*PROBLEM TO WORK ON*:
Any pictures in the records below must be left out when you repeat the lines from the line containing "Dunk Easter Candy" through the line containing "A boat cruises" exactly.

*INFORMATION SUPPLIED*:
:::::
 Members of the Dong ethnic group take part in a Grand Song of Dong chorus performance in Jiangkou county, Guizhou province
:::::
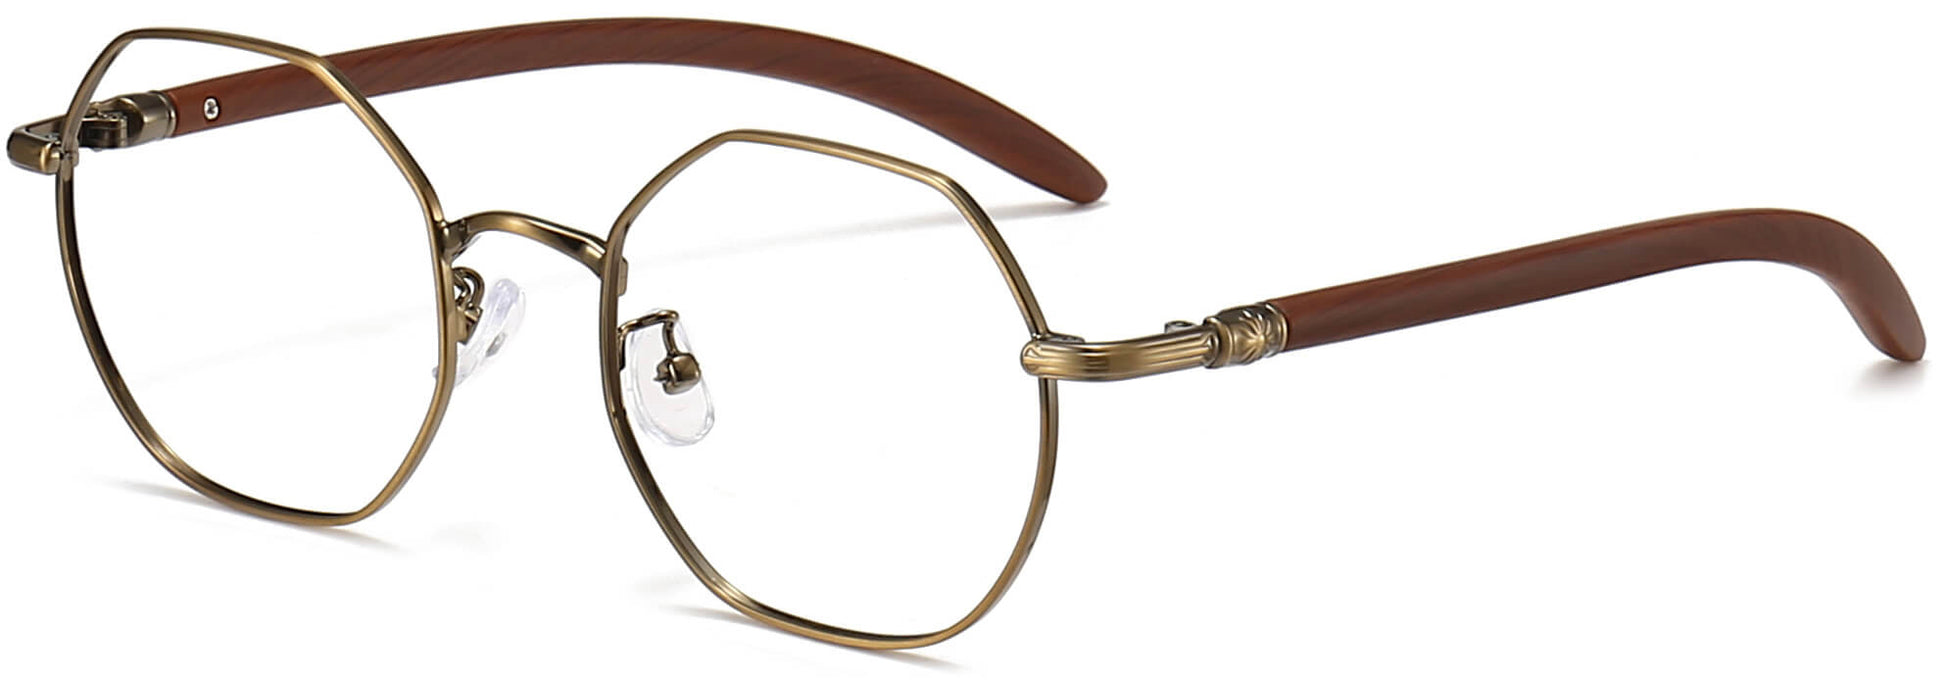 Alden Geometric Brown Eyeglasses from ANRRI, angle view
:::::
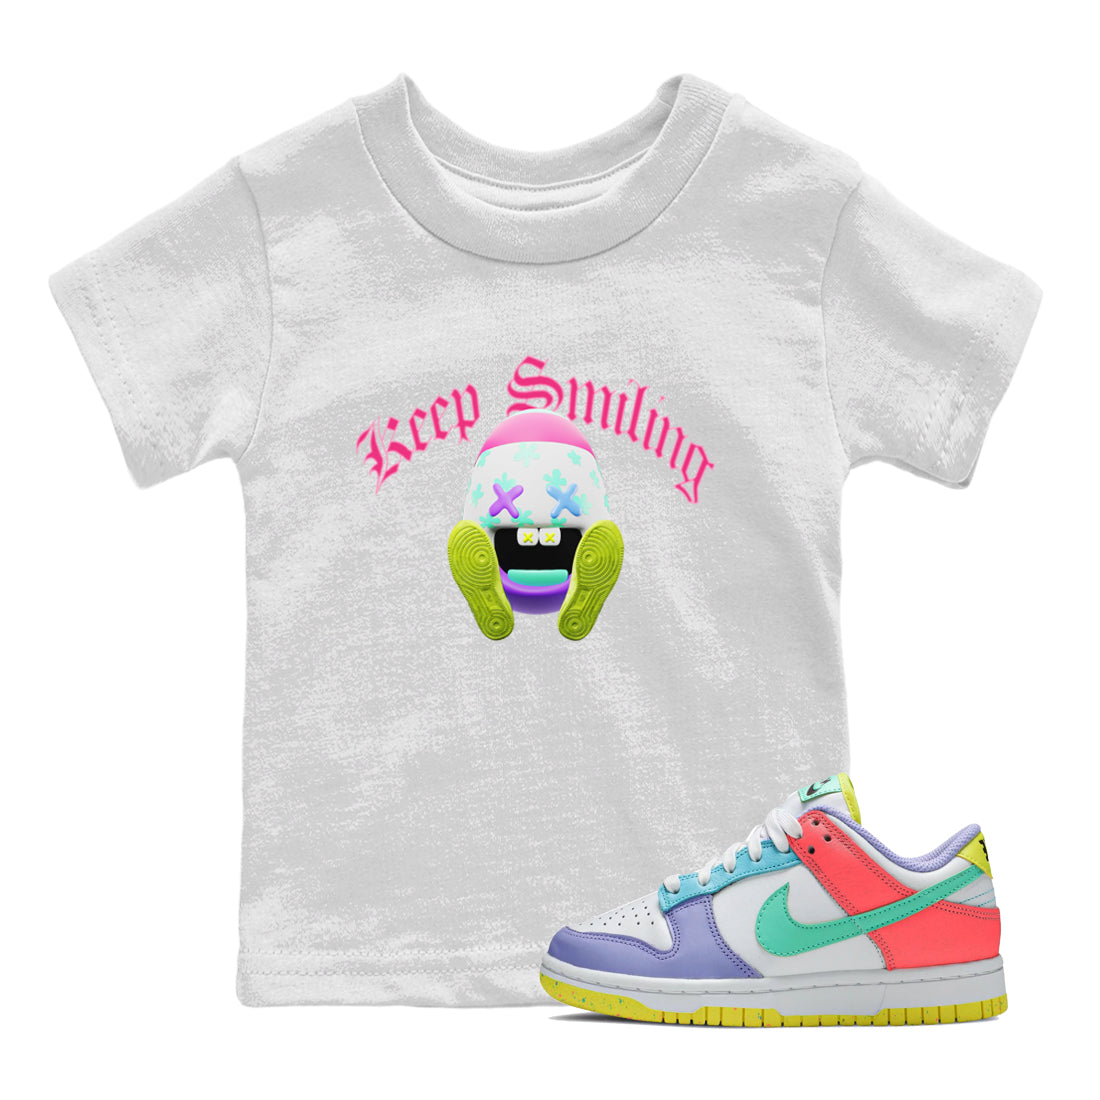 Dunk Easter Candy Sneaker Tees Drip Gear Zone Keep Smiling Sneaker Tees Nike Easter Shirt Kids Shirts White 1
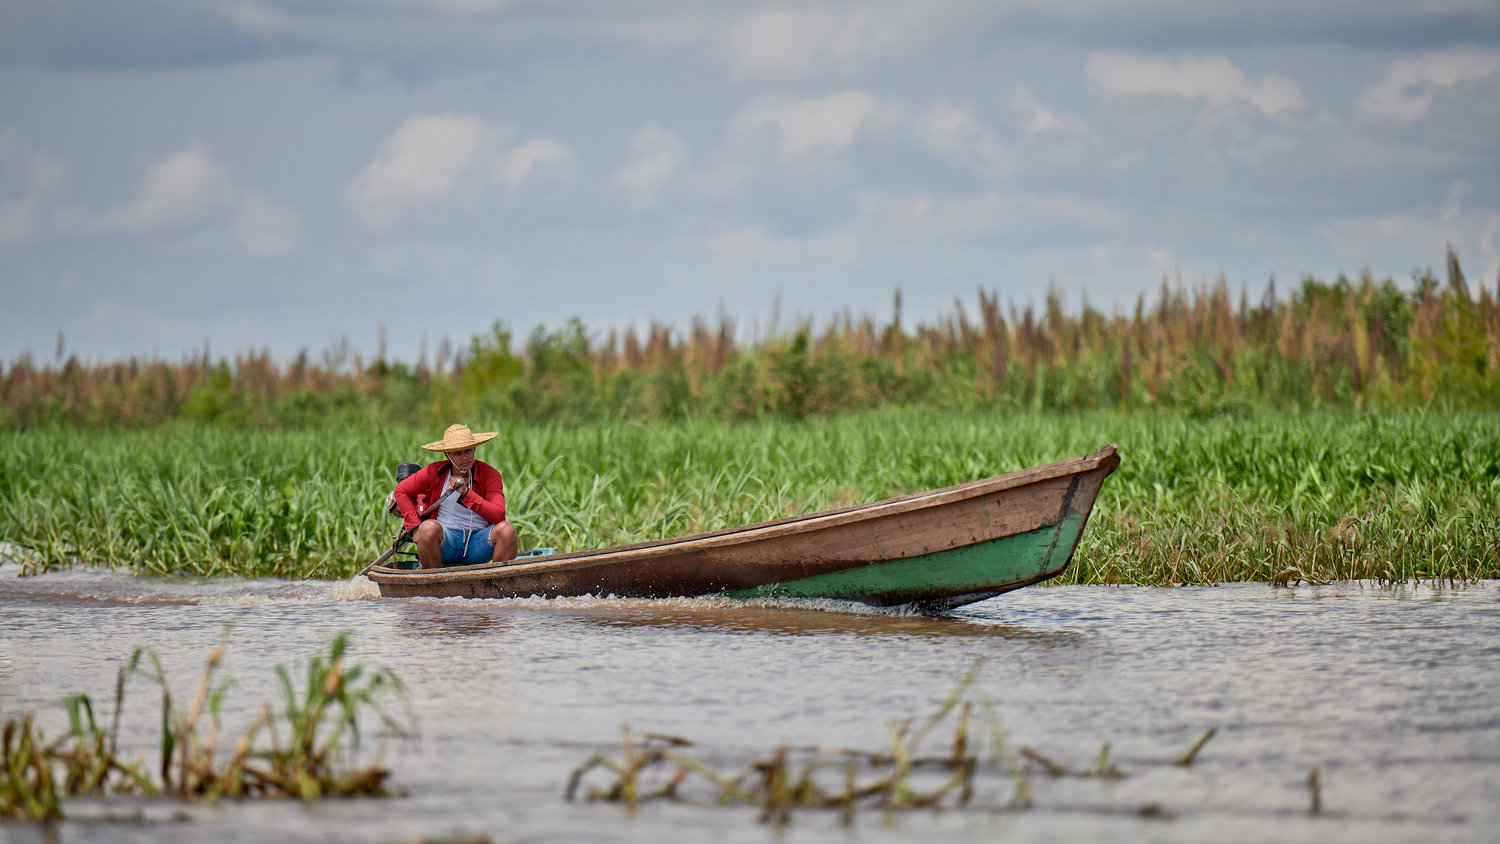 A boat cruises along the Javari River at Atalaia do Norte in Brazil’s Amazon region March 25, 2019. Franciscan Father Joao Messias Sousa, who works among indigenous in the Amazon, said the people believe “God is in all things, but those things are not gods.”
:::::
*EXERCISE RESPONSE*:
 Dunk Easter Candy Sneaker Tees Drip Gear Zone Keep Smiling Sneaker Tees Nike Easter Shirt Kids Shirts White 1
 A boat cruises along the Javari River at Atalaia do Norte in Brazil’s Amazon region March 25, 2019. Franciscan Father Joao Messias Sousa, who works among indigenous in the Amazon, said the people believe “God is in all things, but those things are not gods.”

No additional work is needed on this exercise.